* _Provided entries_
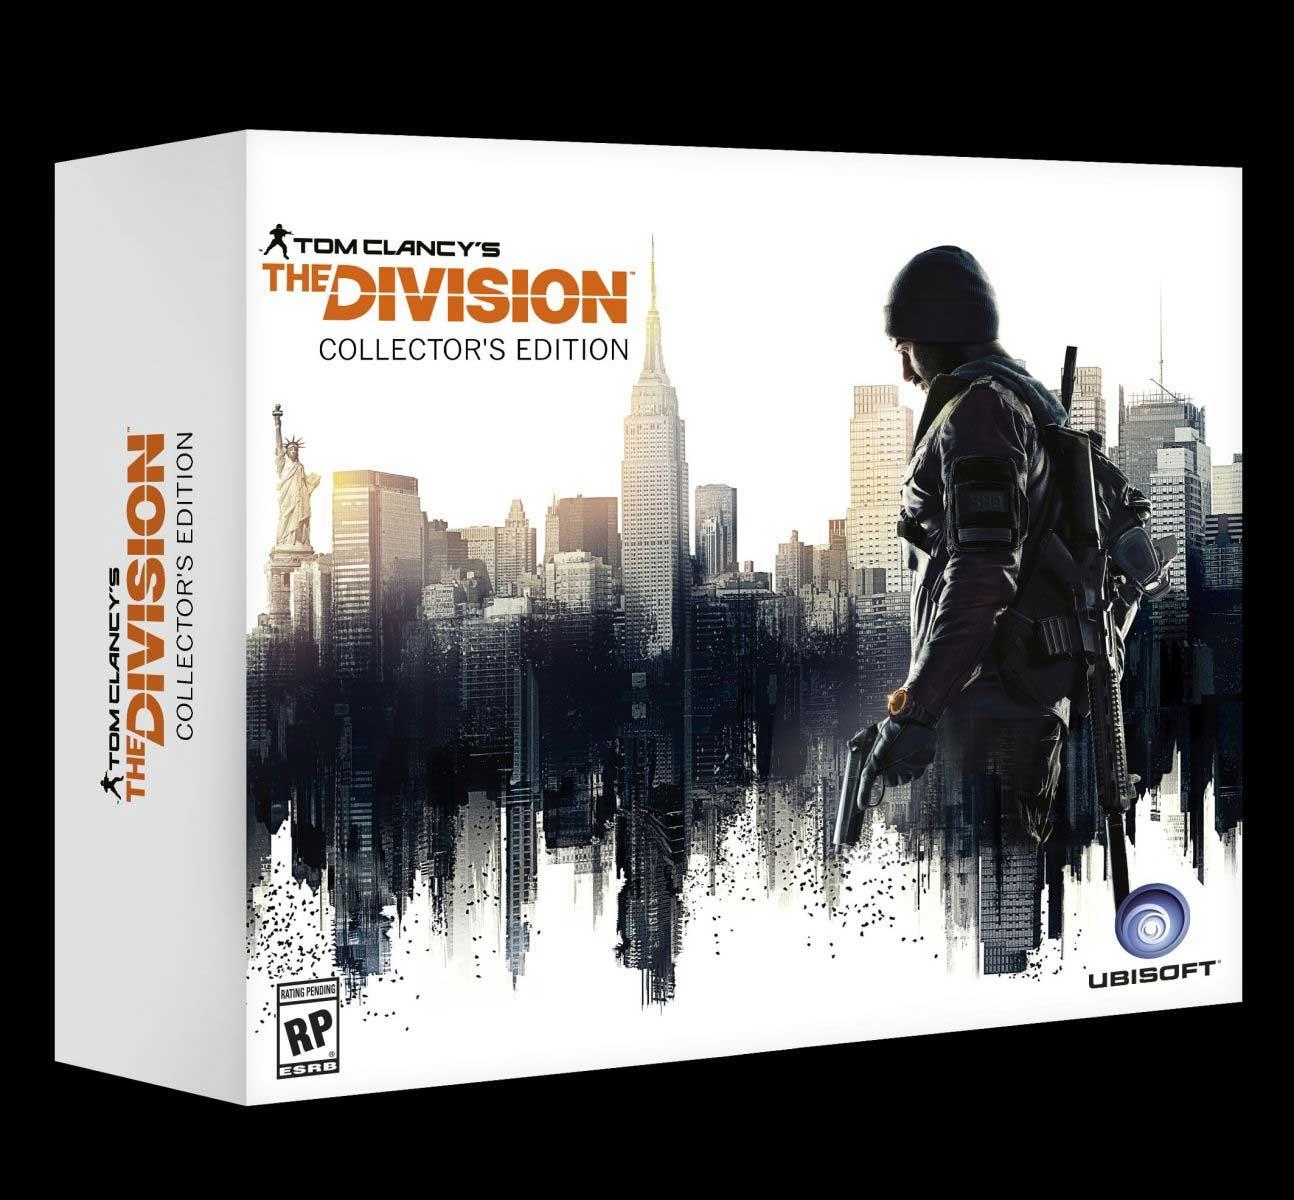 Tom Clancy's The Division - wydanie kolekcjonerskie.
--
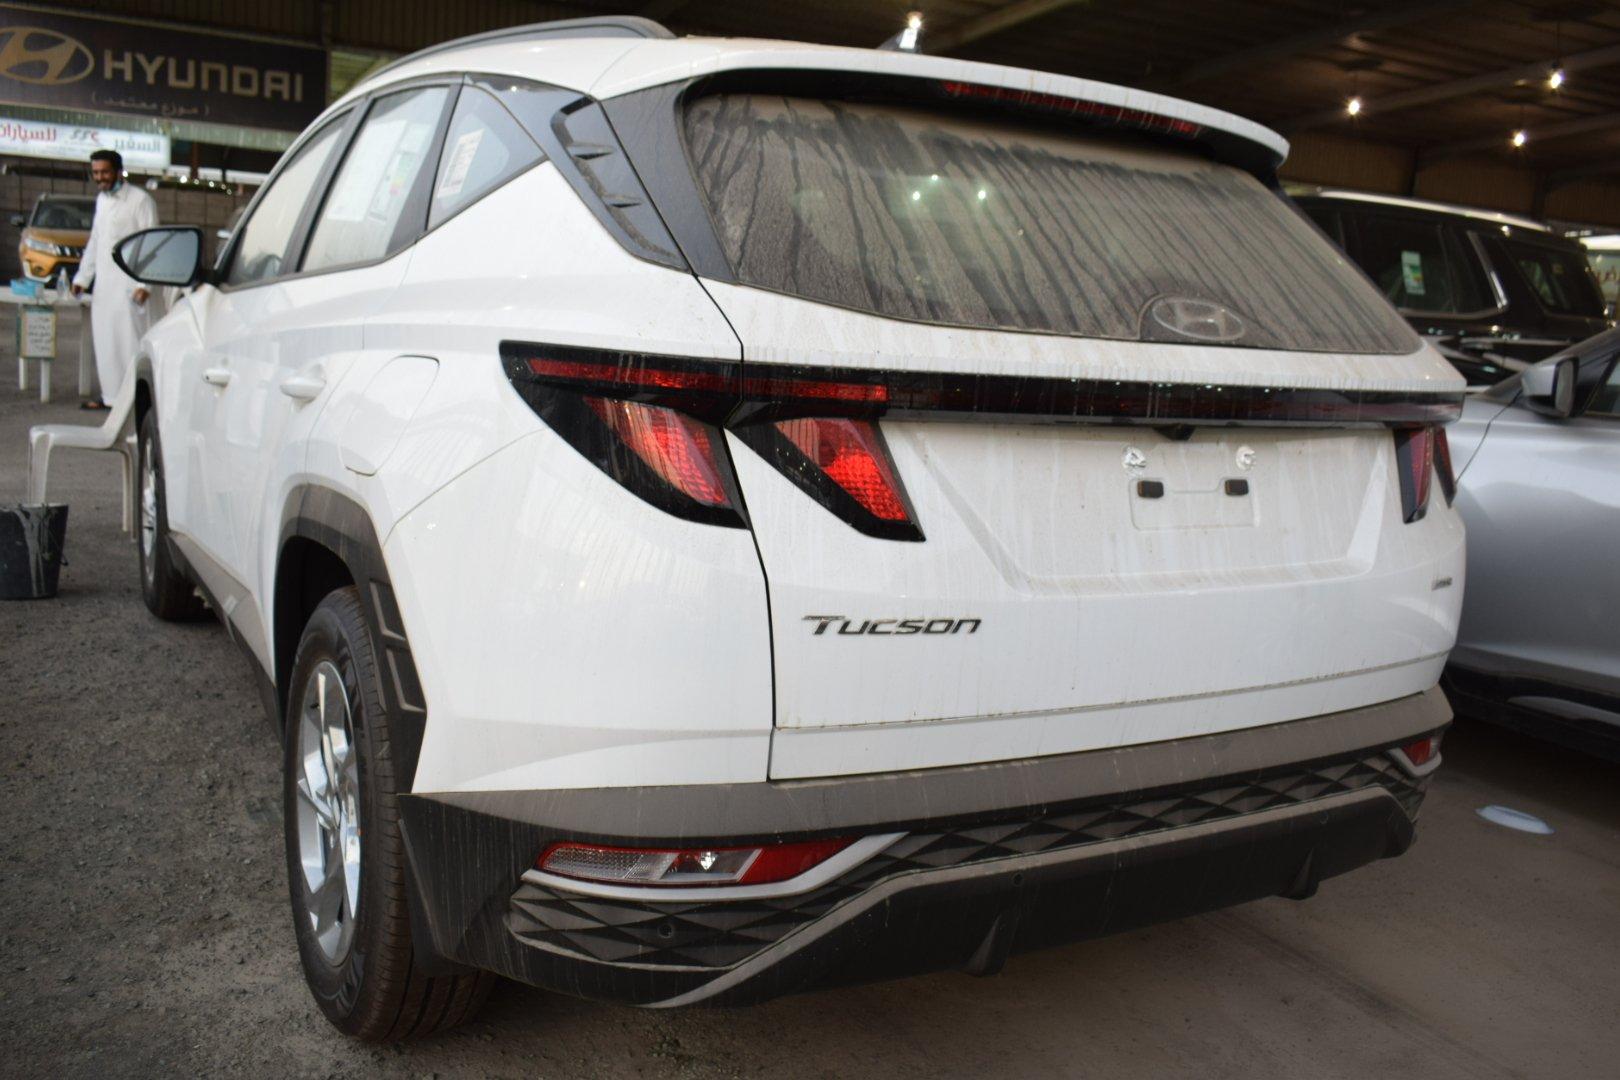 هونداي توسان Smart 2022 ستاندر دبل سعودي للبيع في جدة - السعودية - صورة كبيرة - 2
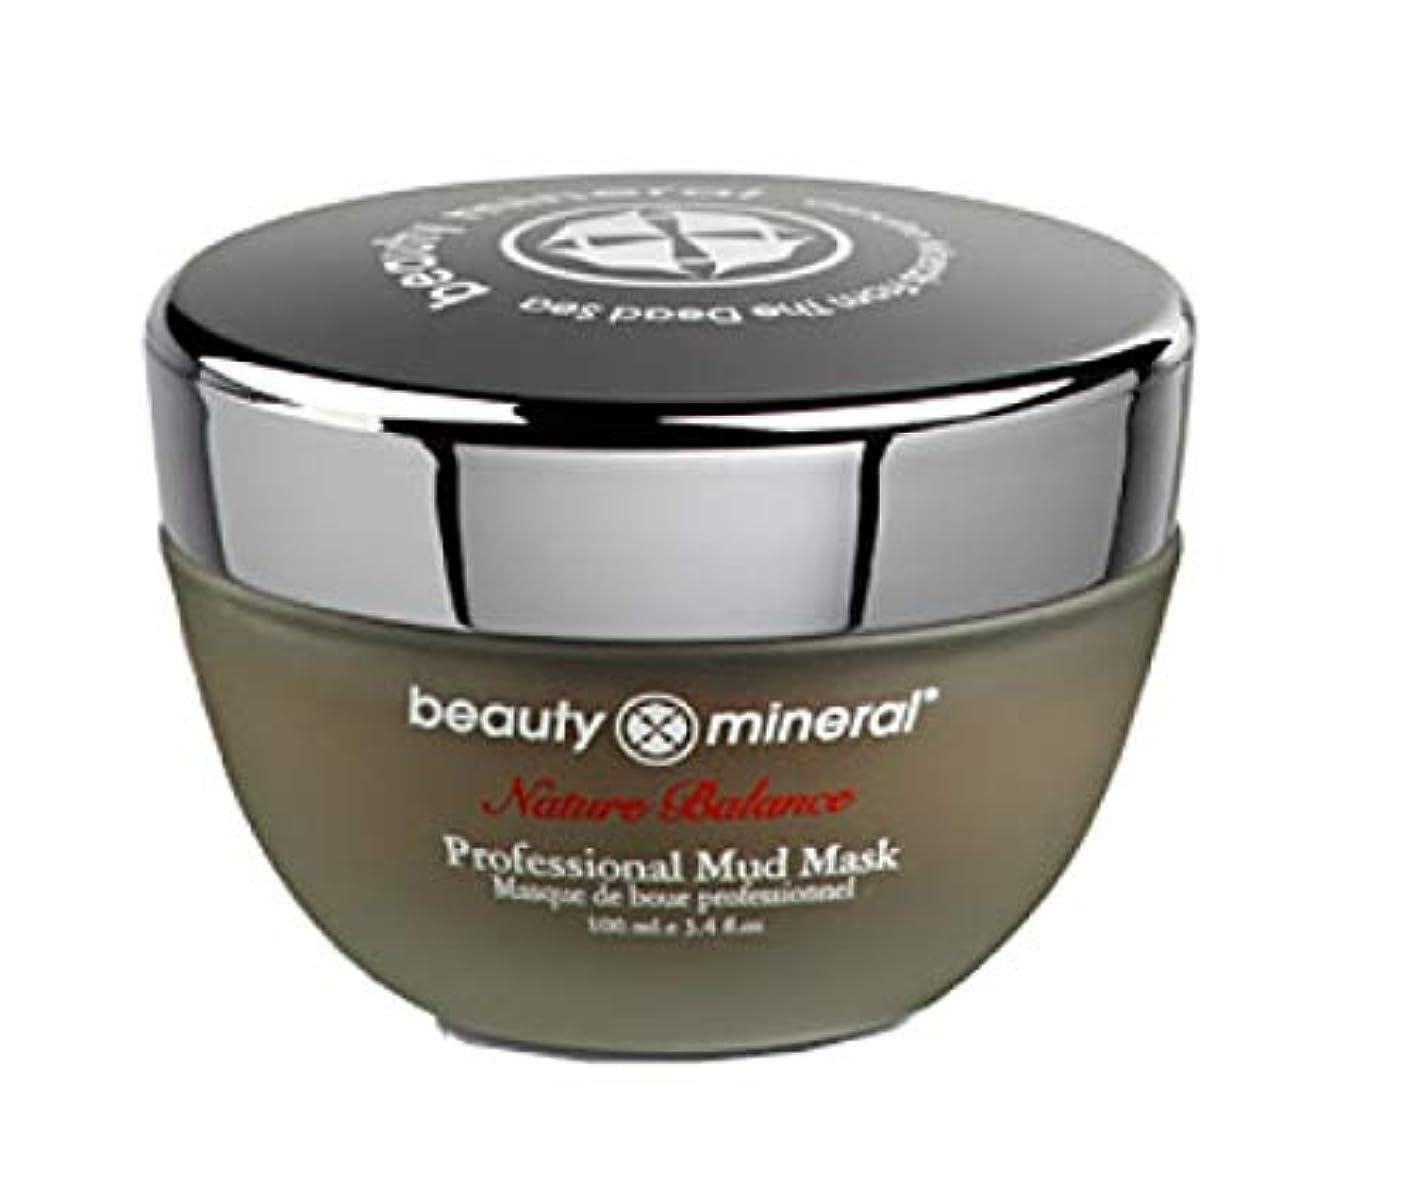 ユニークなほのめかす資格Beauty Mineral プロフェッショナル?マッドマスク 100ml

* _Exercise prompt_
Using the data above, copy exactly the lines from the one containing "هونداي توسان Smart" to the one containing "ユニークなほのめかす資格Beauty Mineral プロフェッショナル?マッドマスク", inclusive. Exclude the pictures.

* _Solution_
 هونداي توسان Smart 2022 ستاندر دبل سعودي للبيع في جدة - السعودية - صورة كبيرة - 2
 ユニークなほのめかす資格Beauty Mineral プロフェッショナル?マッドマスク 100ml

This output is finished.